For the avoidance of doubt, the UK Target Market Assessment does not constitute: (a) an assessment of suitability or appropriateness for the purposes of Chapters 9A or 10A, respectively, of the FCA Handbook Conduct of Business Sourcebook; or (b) a recommendation to any investor or group of investors to invest in, or purchase, or take any other action whatsoever with respect to, the Placing Shares.
Each distributor is responsible for undertaking its own target market assessment in respect of the Placing Shares and determining appropriate distribution channels.
EU Product Governance Requirements
Solely for the purposes of the product governance requirements contained within (a) EU Directive 2014/65/EU on markets in financial instruments, as amended ("MiFID II"), (b) Articles 9 and 10 of Commission Delegated Directive (EU) 2017/593 supplementing MiFID II and (c) local implementing measures (together the "EU Product Governance Requirements") and disclaiming all and any liability, whether arising in tort, contract or otherwise, which any "manufacturer" (for the purposes of the EU Product Governance Requirements) may otherwise have with respect thereto, the Placing Shares have been subject to product approval process, which has determined that the Placing Shares are: (i) compatible with an end target market of (a) investors who meet the criteria of professional clients and (b) eligible counterparties, each as defined in MiFID II; and (ii) eligible for distribution through all distribution channels as are permitted by EU Product Governance Requirements (the "EU Target Market Assessment"). Notwithstanding the EU Target Market Assessment, distributors should note that: the price of the Placing Shares may decline and investors could lose all or part of their investment; the Placing Shares offer no guaranteed income and no capital protection; and an investment in the Placing Shares is compatible only with investors who do not need a guaranteed income or capital protection, who (either alone or in conjunction with an appropriate financial or other adviser) are capable of evaluating the merits and risks of such an investment and who have sufficient resources to be able to bear any losses that may result therefrom.

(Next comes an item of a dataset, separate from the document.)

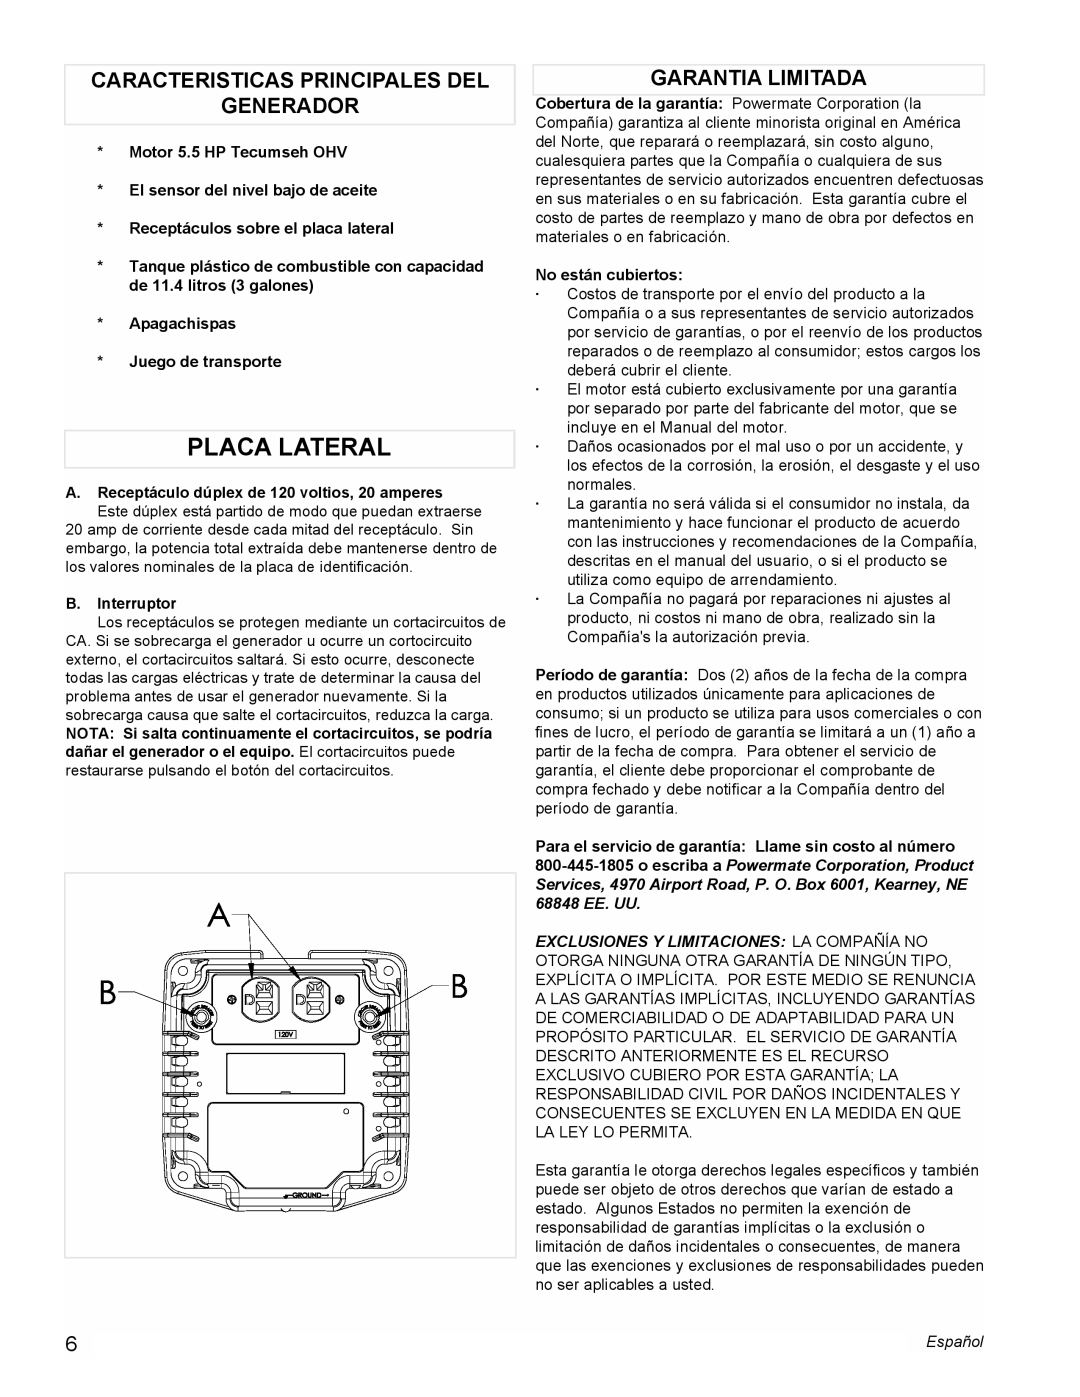 Powermate PMC523202 manual Placa Lateral, Caracteristicas Principales Del Generador, Garantia Limitada 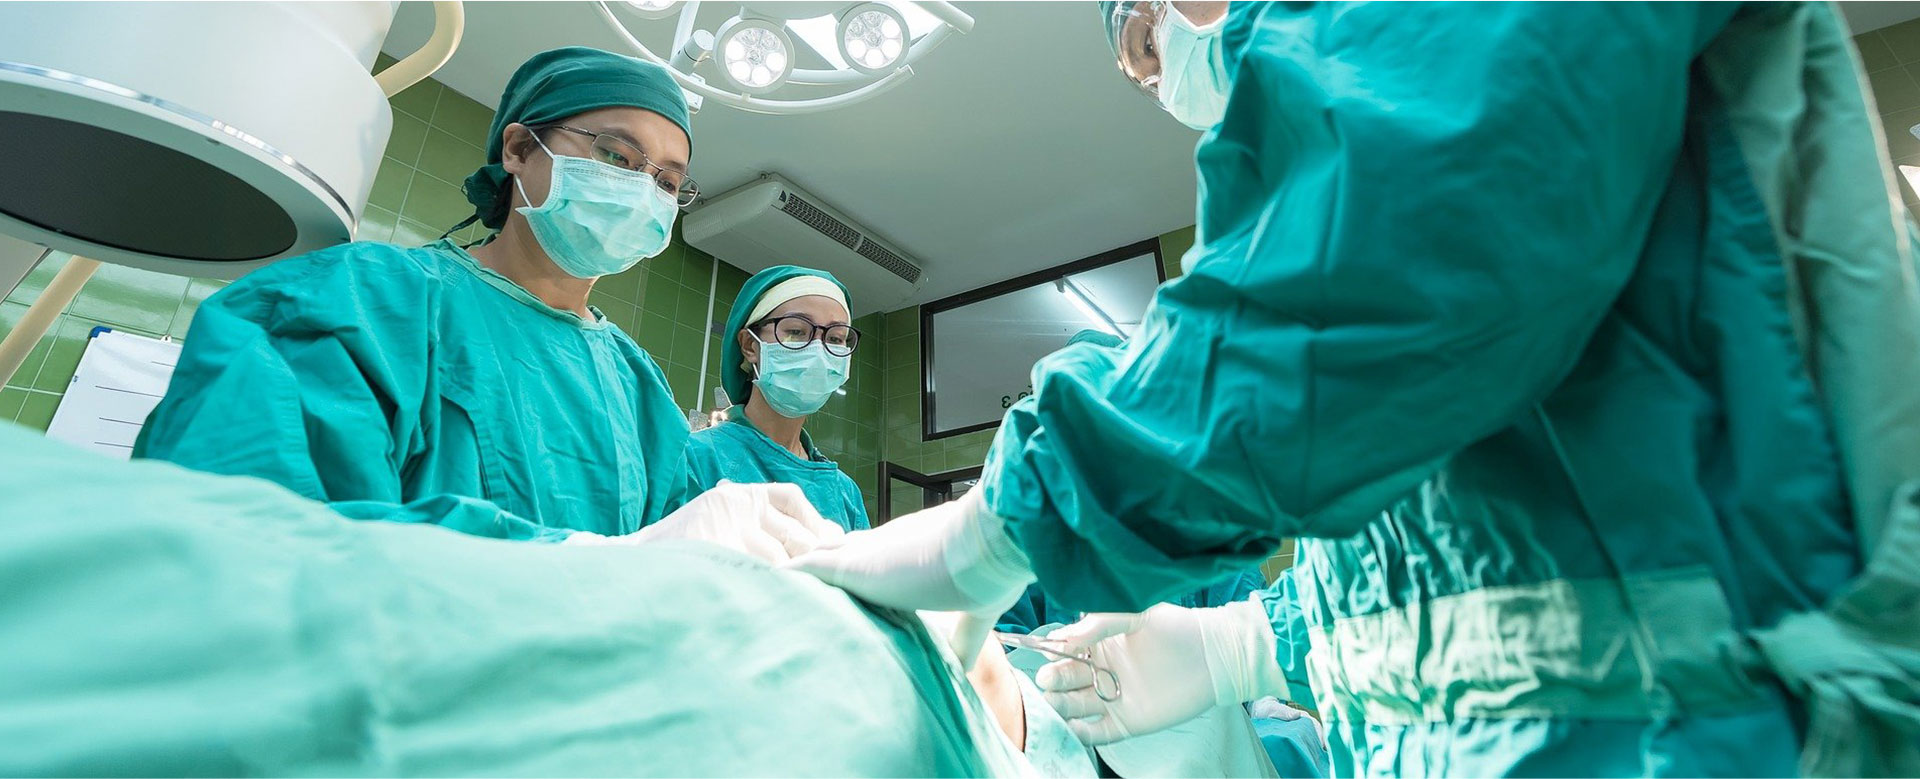 Procédure médicale en cours sur une table d'opération

The EU Target Market Assessment is without prejudice to the requirements of any contractual, legal or regulatory selling restrictions in relation to the Placing. Furthermore, it is noted that, notwithstanding the EU Target Market Assessment, Zeus will only procure investors who meet the criteria of professional clients and eligible counterparties.
For the avoidance of doubt, the EU Target Market Assessment does not constitute: (a) an assessment of suitability or appropriateness for the purposes of MiFID II; or (b) a recommendation to any investor or group of investors to invest in, or purchase, or take any other action whatsoever with respect to the Placing Shares.
Each distributor is responsible for undertaking its own target market assessment in respect of the Placing Shares and determining appropriate distribution channels.